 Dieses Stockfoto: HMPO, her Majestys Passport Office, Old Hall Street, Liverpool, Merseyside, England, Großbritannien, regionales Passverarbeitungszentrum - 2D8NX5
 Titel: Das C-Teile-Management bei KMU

---------------

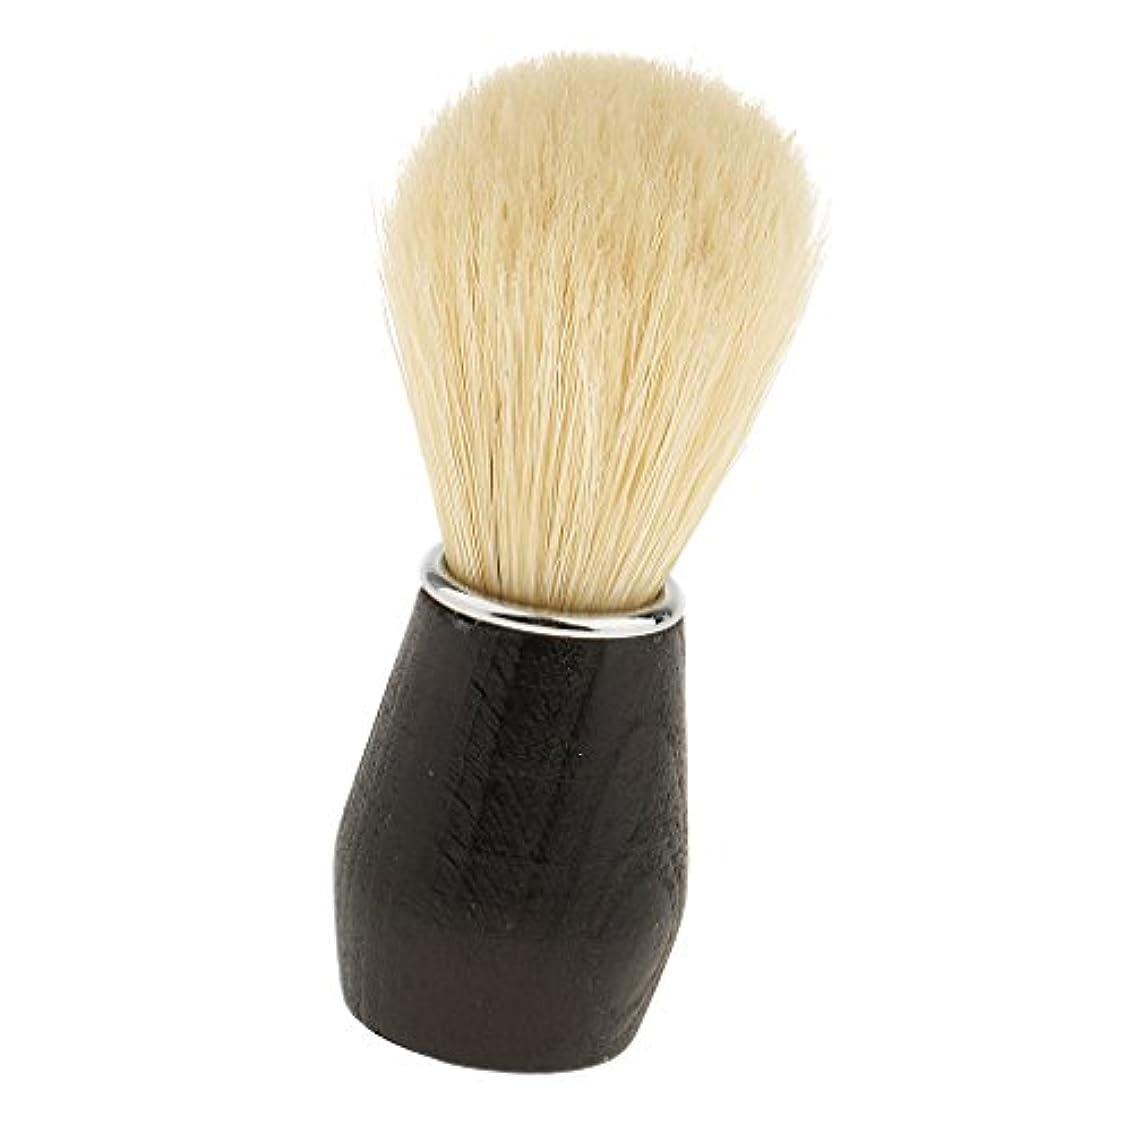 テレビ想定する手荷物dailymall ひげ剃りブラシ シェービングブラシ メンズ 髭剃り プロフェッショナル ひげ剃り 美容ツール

---------------

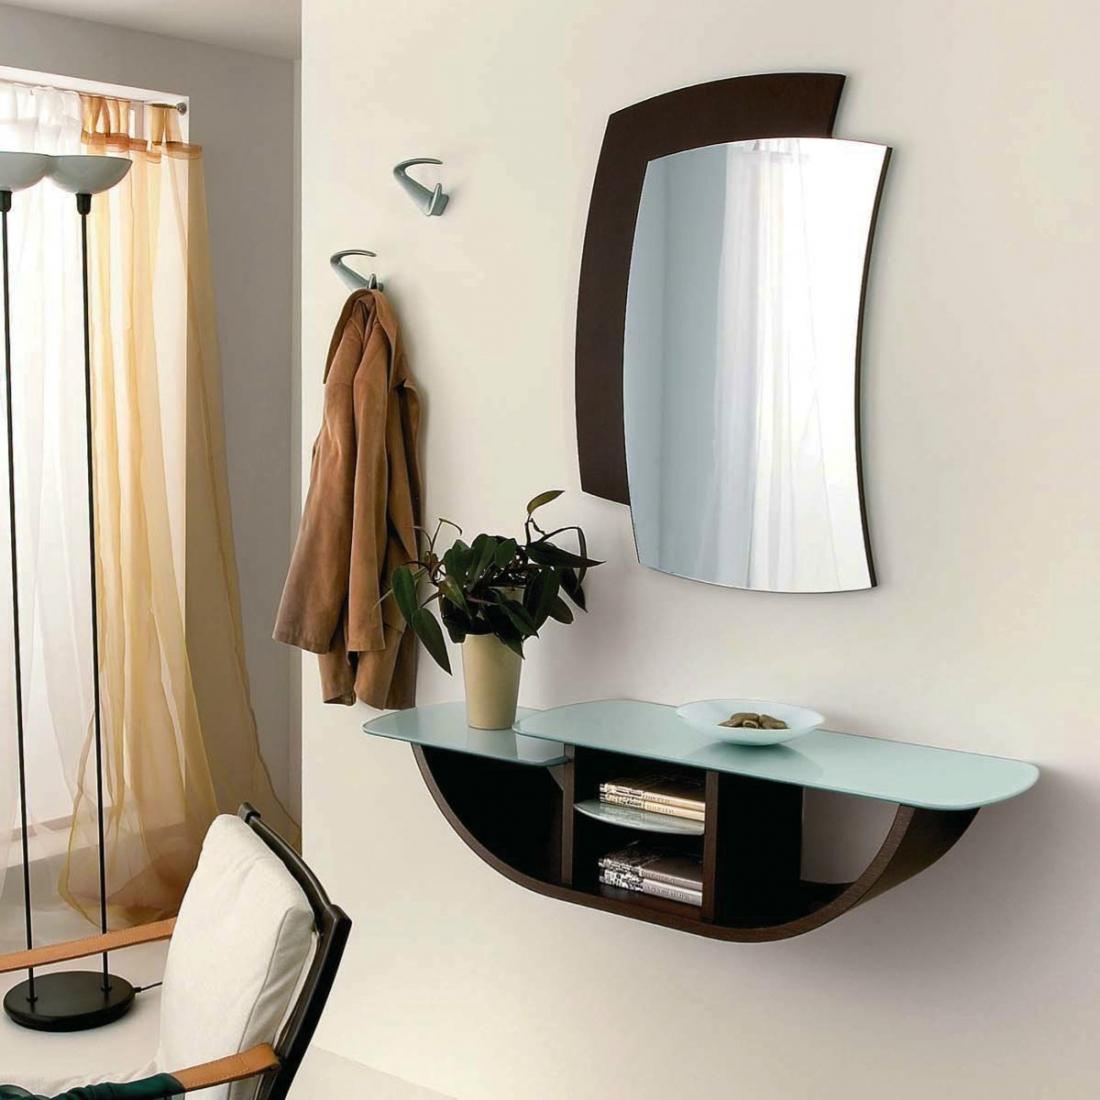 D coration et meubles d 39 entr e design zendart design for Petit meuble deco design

---------------

◆ **Instructions for the task**
Reproduce the lines of the entries above from the one with "Dieses Stockfoto: HMPO, her" to the one with "Titel: Das C-Teile-Management bei KMU", both included, exactly and without any other line.

◆ **Answer to this problem**
 Dieses Stockfoto: HMPO, her Majestys Passport Office, Old Hall Street, Liverpool, Merseyside, England, Großbritannien, regionales Passverarbeitungszentrum - 2D8NX5
 Titel: Das C-Teile-Management bei KMU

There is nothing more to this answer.